A month before that, Sergeant First Class Rigoberto Nieves, a Green Beret back from Afghanistan for just two days, had shot his wife, Teresa, in the head in the couple’s master bathroom before killing himself. The couple had had serious-enough marital issues that Nieves was granted leave to come home early from deployment to deal with the problems. At the funeral one of Nieves’s superiors lamented to the Green Beret’s mother he never would have allowed him to go home early had he known what would happen.
And now this: a wife stuffed in a garbage bag like grass clippings and buried in the woods. Three dead Army wives in six weeks. Even in Fayettenam this was a first, but not much fazed Pennica anymore. After he retired from the North Carolina State Bureau of Investigation in Greensboro, his former colleagues thought he had lost his mind when he accepted a position as the chief detective for the Cumberland County Sheriff’s Department in Fayetteville in 1996. Murders, car thefts, drug busts, burglaries, bank stickups, and fast-food restaurant robberies were so common that they garnered just average publicity in the local media unless the crime was particularly dreadful or sensational. The sheriff’s department had a good working relationship with Fort Bragg when it came to such things as determining jurisdiction or sharing paperwork on a case. But Fort Bragg had its own ways, with a culture and quirks that outsiders like Pennica could never quite penetrate. Although Fort Bragg was just a ten-mile drive up Bragg Boulevard from his downtown office, the post might as well have been a world away.
Wright told the detectives he’d thrown the baseball bat and the couple’s bedsheets into a Dumpster in a McDonald’s parking lot on Raeford Road. While Cain and O’Briant waited for the hearse, Pennica and another detective, Mike Casey, made their way back to photograph the Dumpster. As Pennica snapped pictures, Casey got out of the Crown Victoria and approached his boss: “Damn, we got a Code 3/Code 5.”
Pennica stopped taking pictures. “Where?”
“I’m not sure.”
Of all times for a murder-suicide. Pennica started back to his office and got on the radio with the dispatcher. Across town, on the outskirts of Stedman, a husband and wife had been found in their master bedroom, dead from gunshot wounds to the head. Pennica divided up his homicide team.

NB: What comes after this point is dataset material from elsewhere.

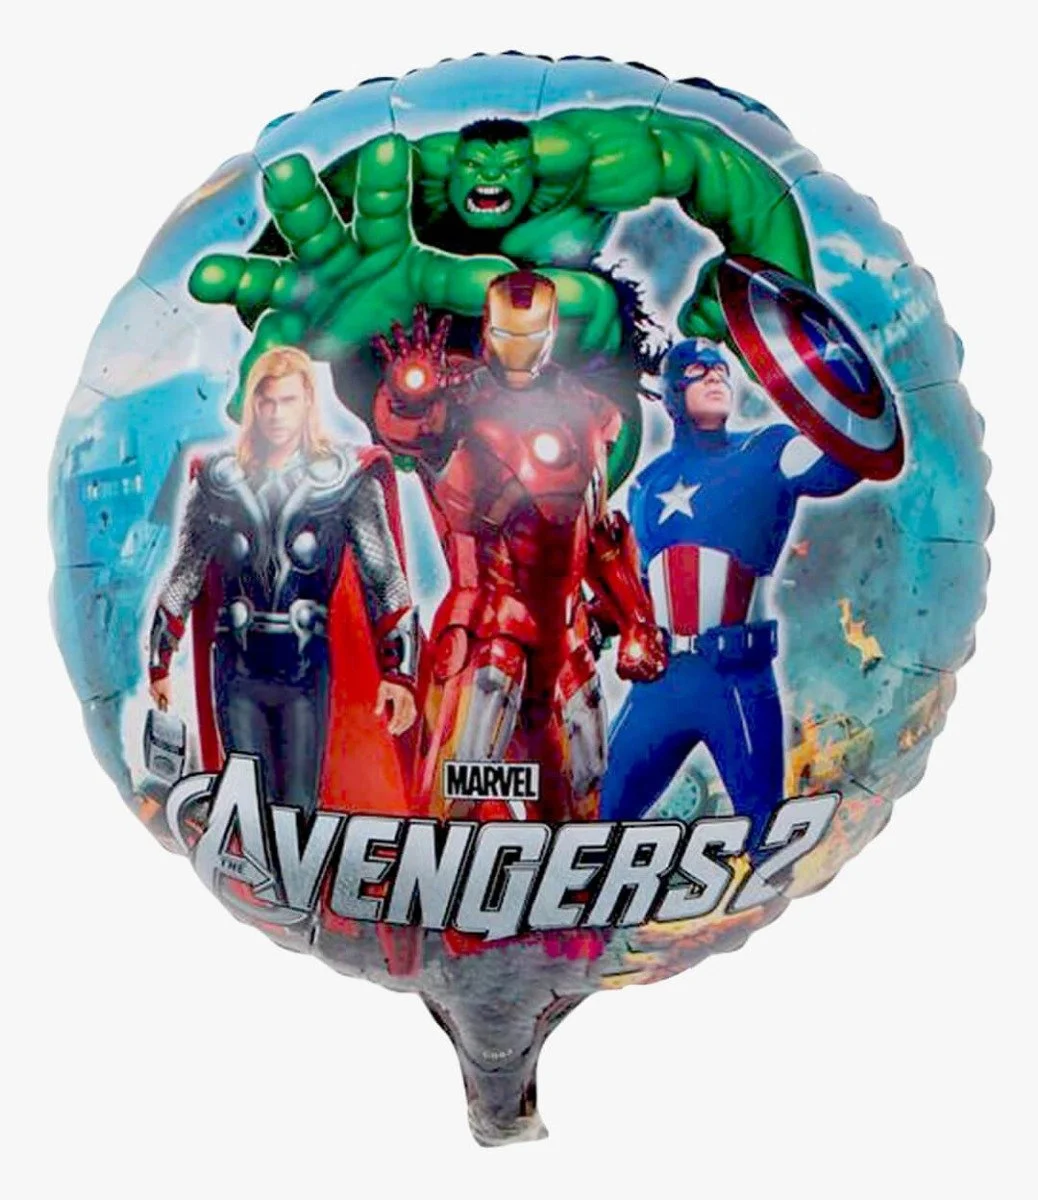 Avengers 2 Helium Balloon

Sergeant Disponzio was on his way to McDonalds himself, to get a double burger and fries. The day’s macabre turn hadn’t spoiled his appetite. It was 5:07 P.M., and he was famished. There hadn’t been time for lunch, and there was still work to finish. He needed to get back to his office to do paperwork, and he wanted to talk with Bill Wright again.

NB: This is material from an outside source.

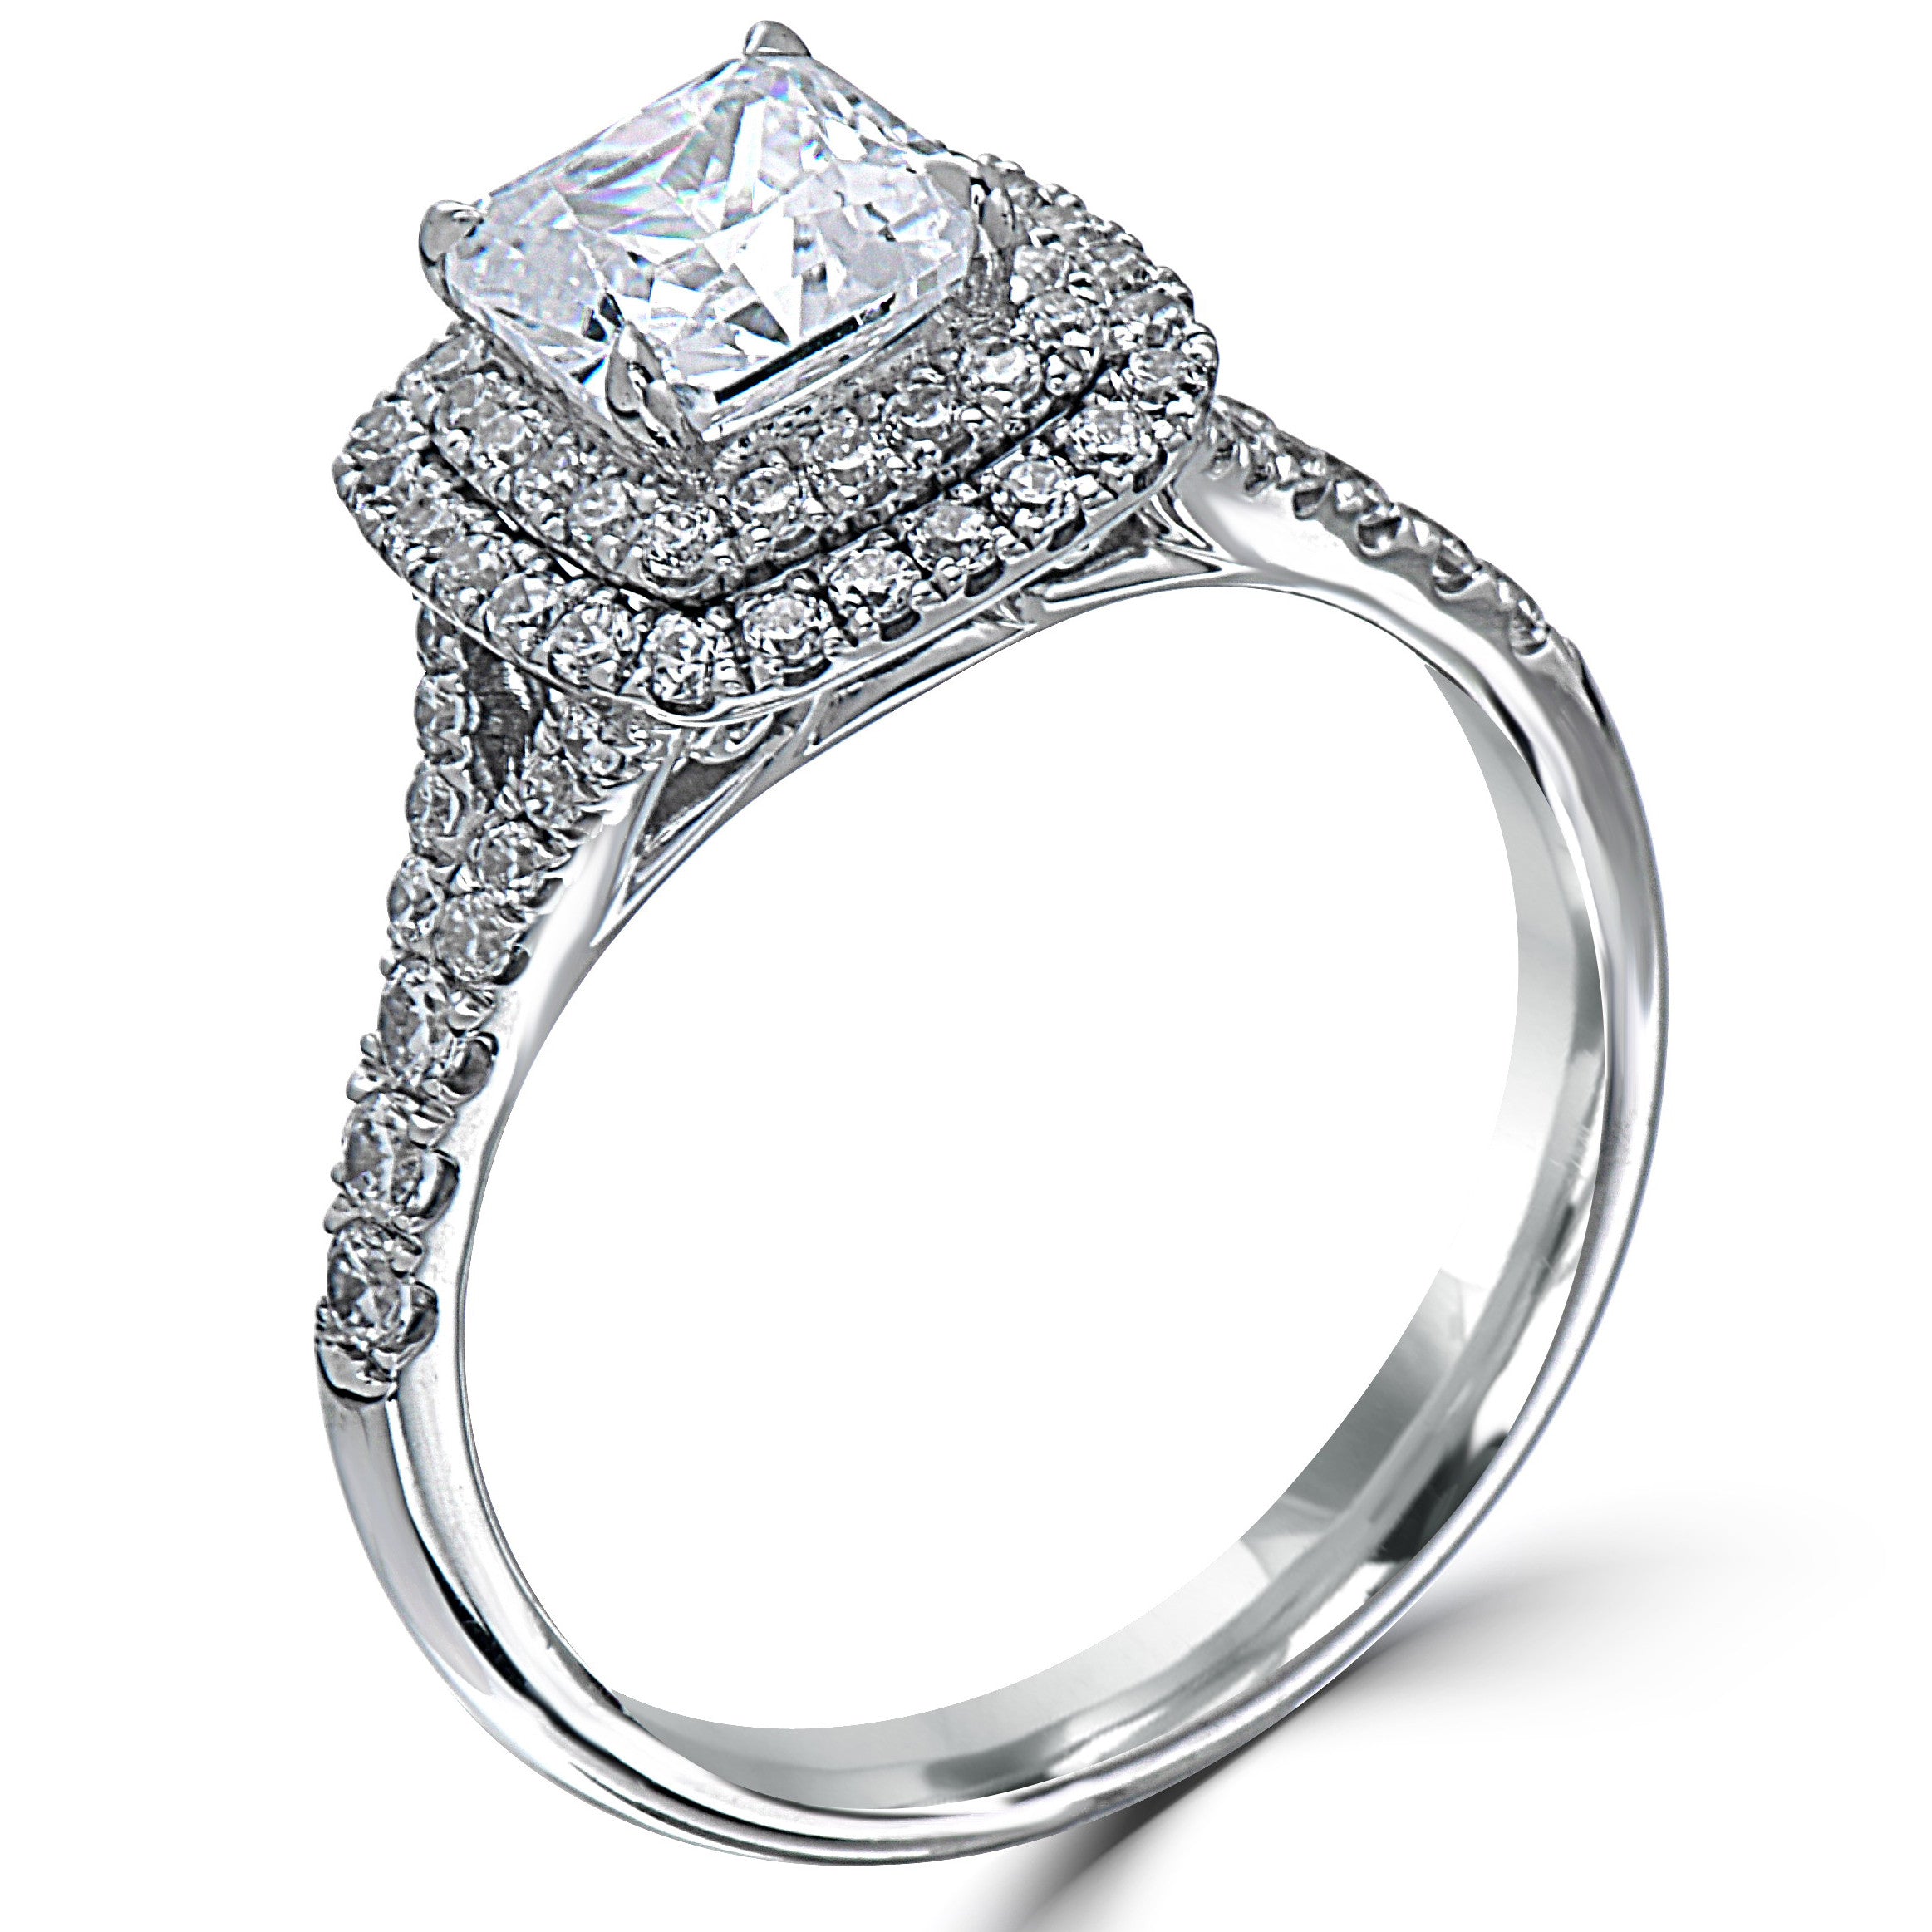 2 Carat Diamond Rings | Jacob Mercari

In the meantime, though, Disponzio heard the same dispatch as Detective Mike Casey. A second radio call from the patrol unit on the scene asked for a detective. Soon after, Pennica called Disponzio.
“I need you to go to Stedman,” Pennica said, “and get control of this situation and see what we got out there.”
If there was any doubt that this was a suicide, they would need a homicide detective. The burger would have to wait. Disponzio got out of the drive-through lane and headed to the scene. Disponzio was a short, well-muscled scrapper of an Italian from Brooklyn. His old street smarts and choppy accent had stayed with him and, like Pennica, he could still stomach life’s dark side. At forty-seven Disponzio had black hair, and his mustache showed just a few specks of gray. Like many of the cops in Fayetteville, he had been a soldier first. His tanned forearms were covered with blurry five-dollar tattoos that hinted at his past.
As a private in 1972, a drunken Disponzio had walked into Poison John’s on Bragg Boulevard, a yellow trailer with a single lightbulb hanging from a wire. He looked up at the wall and ordered himself a number 2 and a number 7, as if he were ordering two fast-food meals. Poison John sucked down a cigarette and left his tattoos on the young soldier’s flesh.
Those were the days when Hay Street, in downtown Fayetteville, was wall-to-wall bars, and the nights ended with drunken fights and paddy-wagon rides back to Fort Bragg. When a new kid got to the unit, the platoon sergeant would tell the other soldiers: “Take ‘em downtown, get ’em drunk, get ’em laid, break ‘em in. Give ’em a big Fayetteville welcome.”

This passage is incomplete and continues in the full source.